Candice Taylor on Art, Community, and Being Unapologetically Herself

By Clare Mulroy

This article was first published April 5, 2021 in Tagg Magazine here

Candice Taylor got her start as an artist drawing on walls as a child. When her father was tired of cleaning walls, he helped her channel that energy into coloring comic strips and painting doll houses he built.

Taylor is the co-founder of CreativeJunkFood, a multimedia creative studio founded in 2010 that explores areas of public art, experiential art, and installations. The studio also hosts workshops and works regularly with museums and schools.

Taylor considers herself an artist-activist. “Art with function” is what drives her work. Recently, CreativeJunkFood partnered with the Civil Rights Corps to create graphics for criminal injustice initiatives and events honoring the leadership of Black women. They also animated a video for Stonegate Filmworks called “Turn it Blue,” a schoolhouse rock-style video advocating for voting blue in Georgia during the 2020 election season.

“It’s one thing to be an artist and make beautiful images, but it’s another thing to create art that also functions, and that also goes to better people’s lives and empower movement [and] social commentary,” says Taylor.

Much of Taylor’s work is community-focused. As a Washington, D.C.-based organization, CreativeJunkFood regularly designs community art, like a #LoveShaw animation and Ward 7 Speaks murals, and is working on the branding and launch for an upcoming refurbished Metro railcar coming to the District this spring.

One aspect of community art Taylor particularly enjoys is connecting with younger kids and artists as an educator. In the future, she says she hopes to expand workshops to make the “wealth of information more available.”

“That’s what empowers me when I’m thinking about that social justice…being able to help this younger generation,” she says. “I feel like those voices are the voices we need to be listening to, so I’m doing whatever I can do to amplify that.”
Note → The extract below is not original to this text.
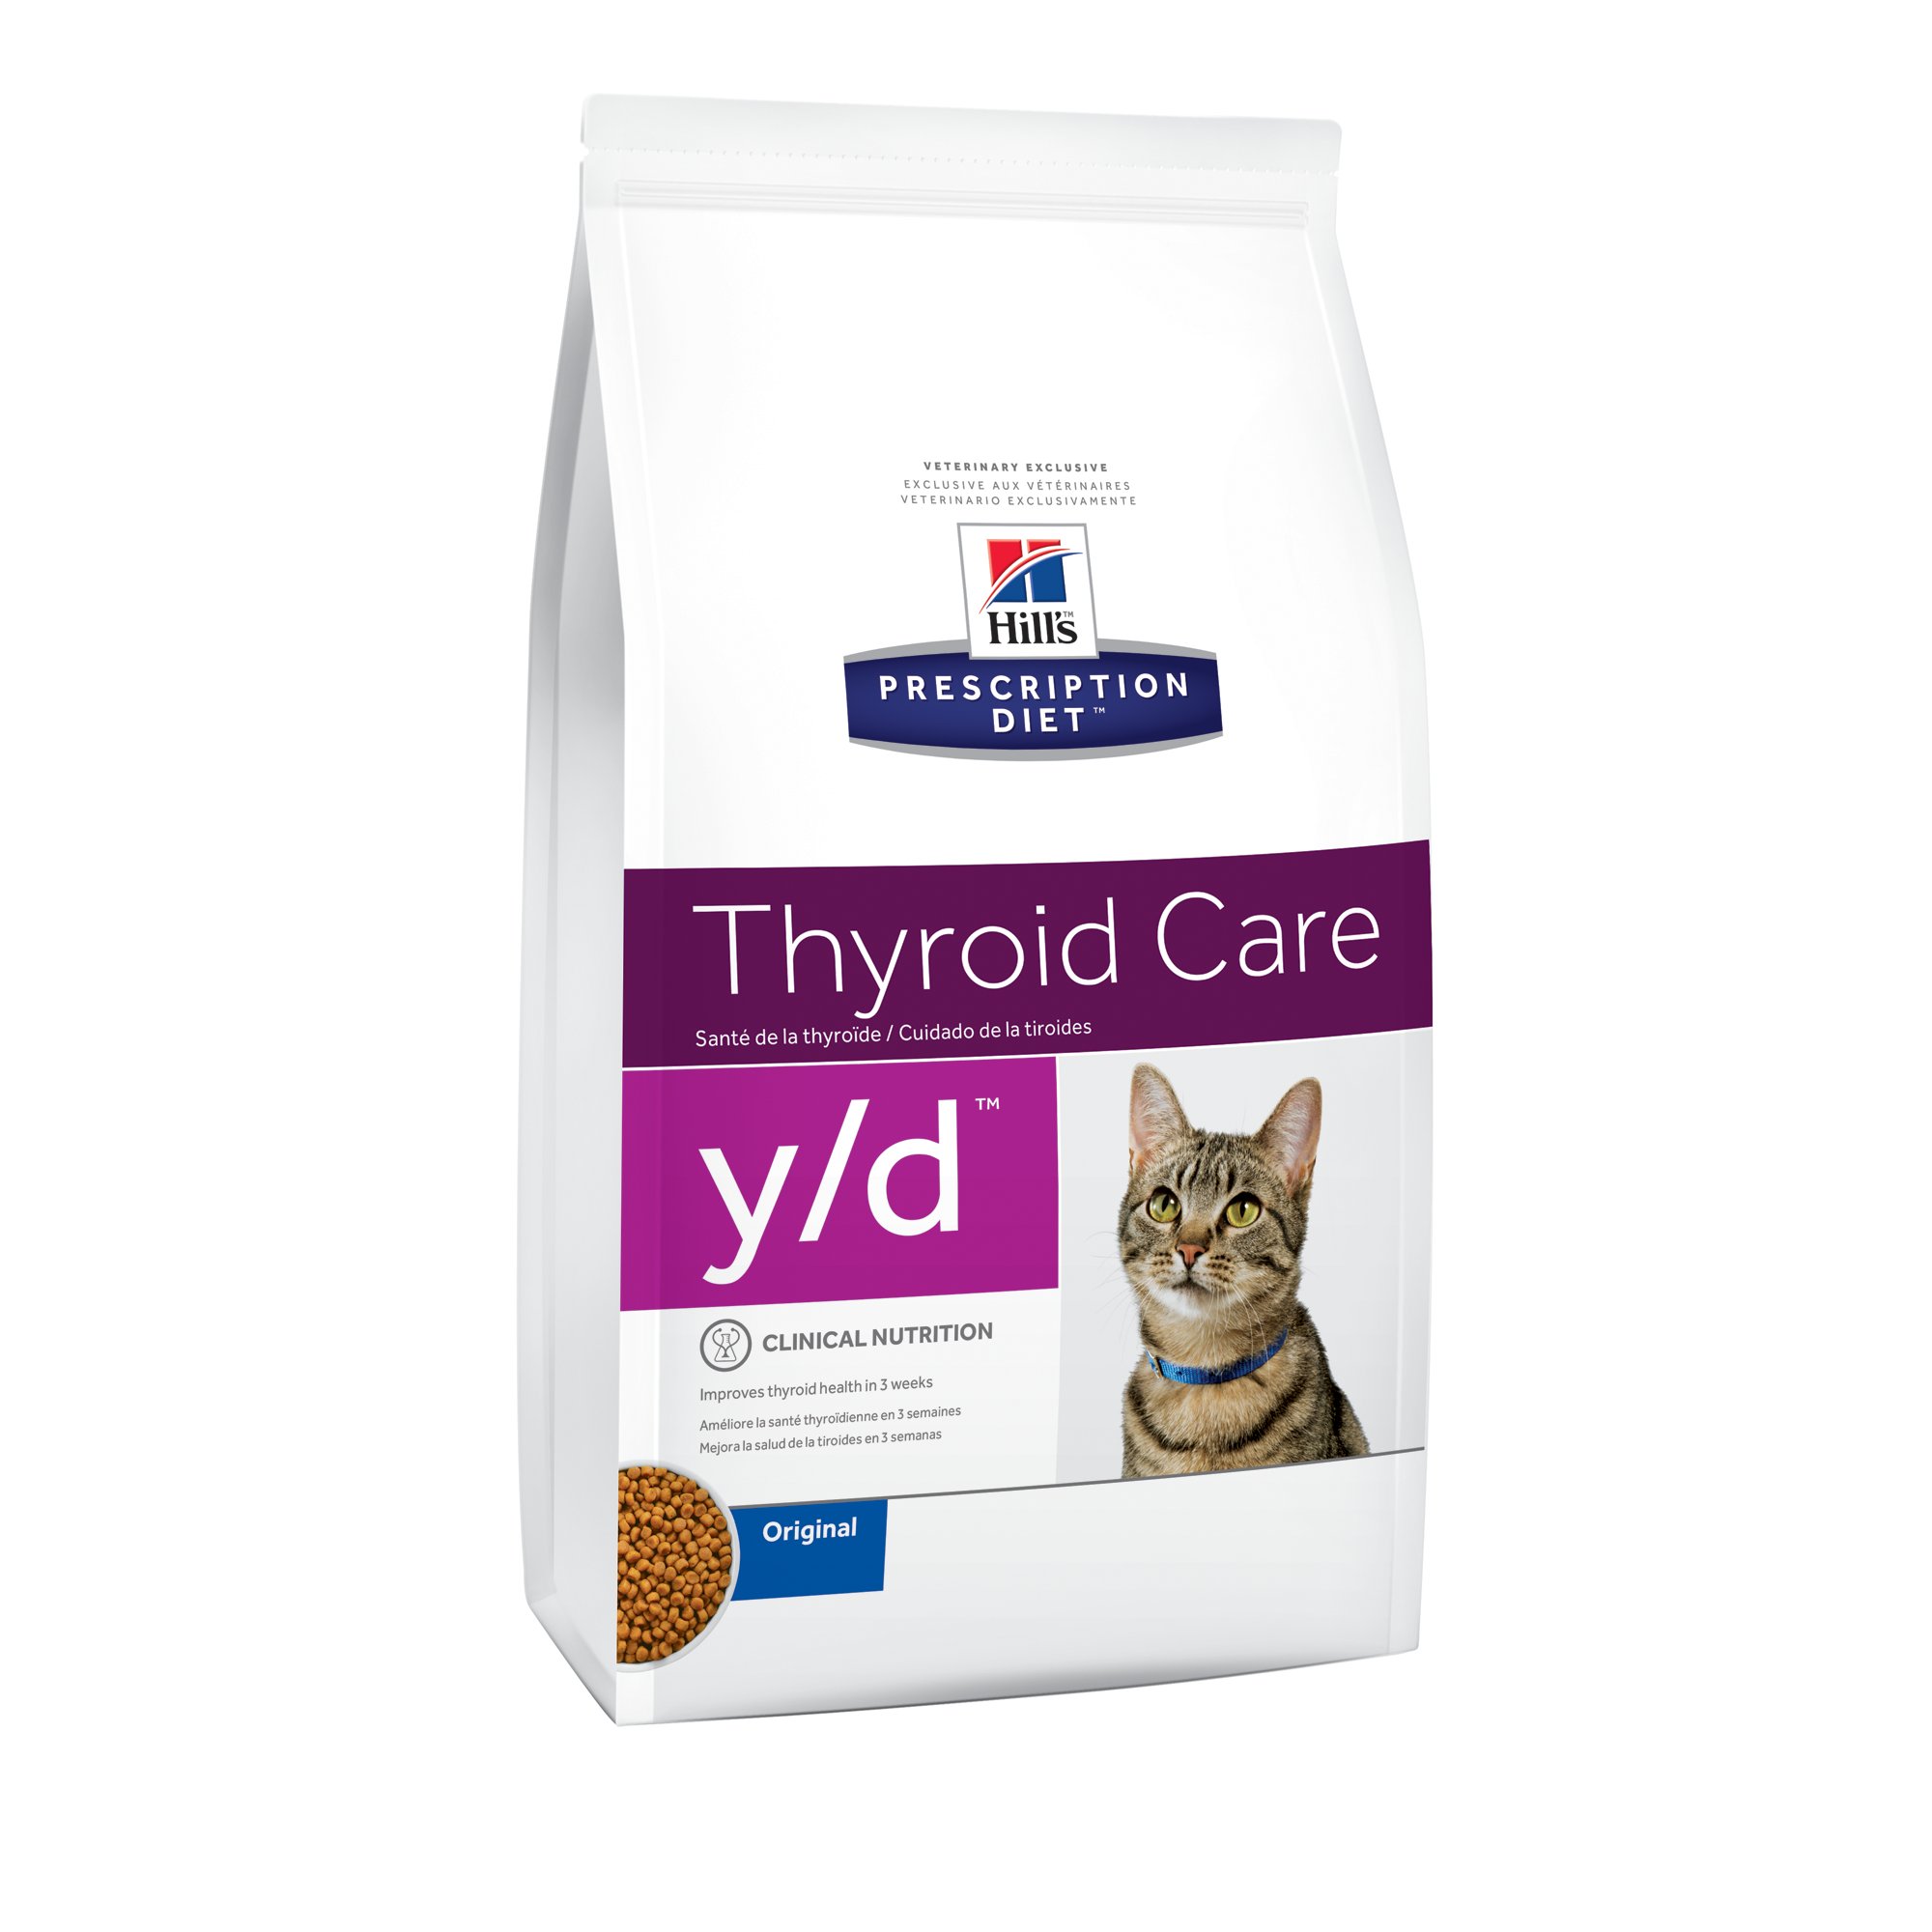 Thyroid Care Original Dry Cat Food 
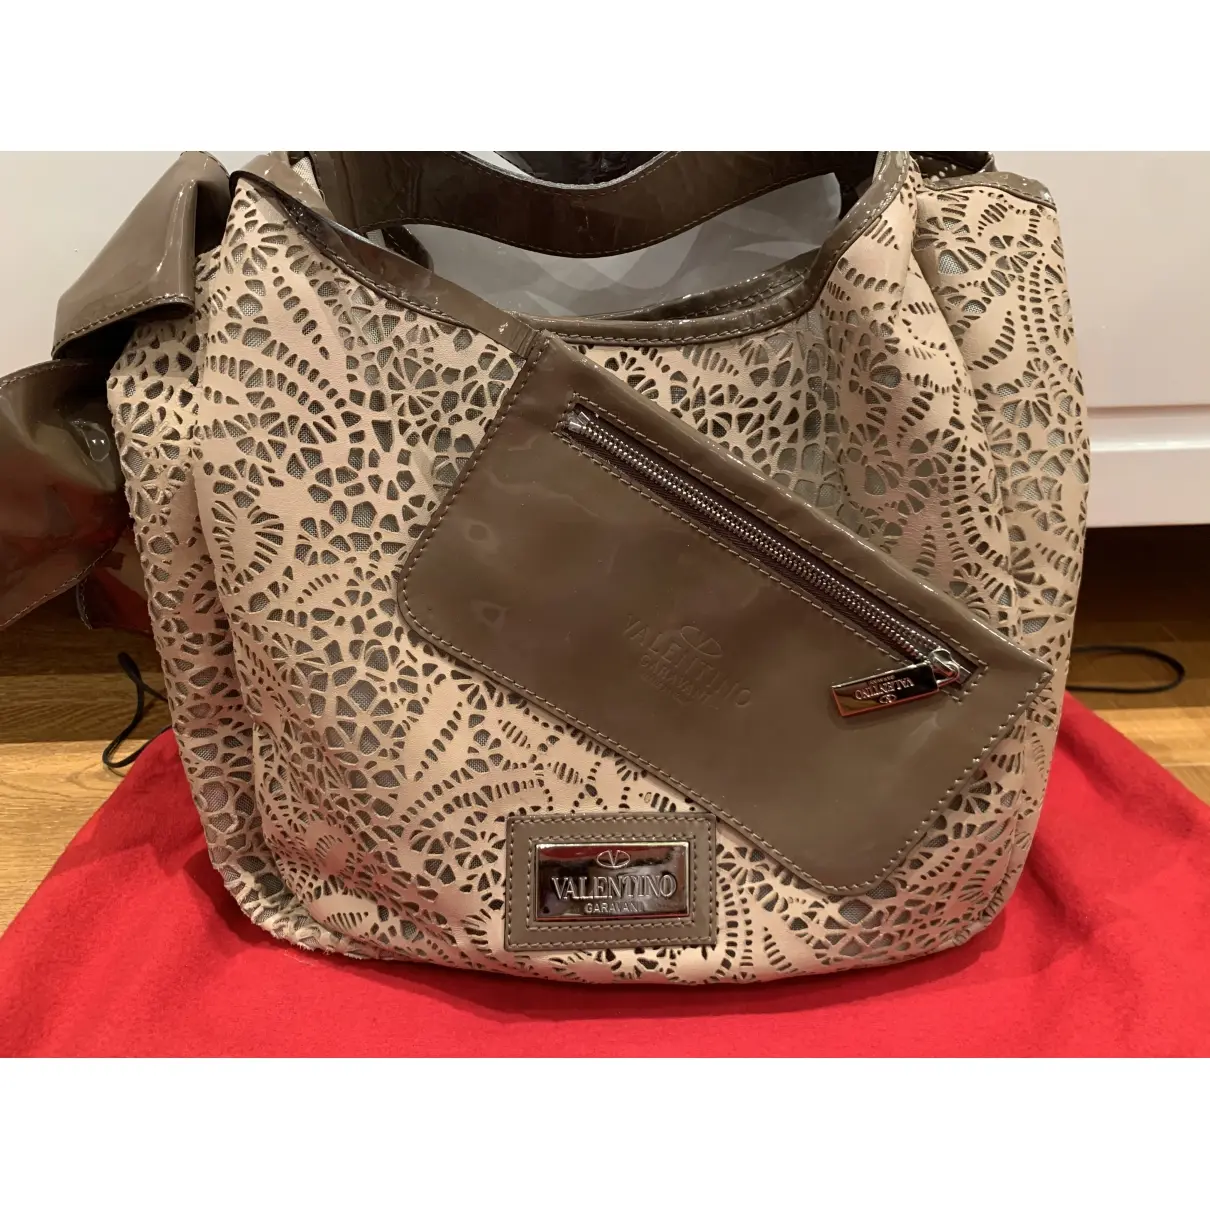 Valentino Garavani Leather handbag for sale

According to Taylor, coming from a marginalized community and now being an artist has positioned her uniquely to understand the impact and value of art in daily life. Taylor says she is determined to use her art to create an environment that she wished she had as a kid—she was encouraged to pursue her dreams but didn’t necessarily have the resources to accompany them.

In her own words, Taylor has a “tenacity for breaking barriers,” which she says means simply not seeing them at all.

“It’s just a constant climb, it’s this constant ‘What’s next?’ and it’s constantly challenging of yourself, it’s challenging the norms,” Taylor explains. “That’s why I have all these colors in my hair—that’s why I show up to my business meetings in the same outfit that I wear when I’m painting a mural.”

She views being a lesbian in the same vein—it’s not something she ever tries to hide, but also not something that she feels she has to flaunt.

“It’s a package, and I approach it as such,” Taylor says. “It’s about being really unapologetic about it.”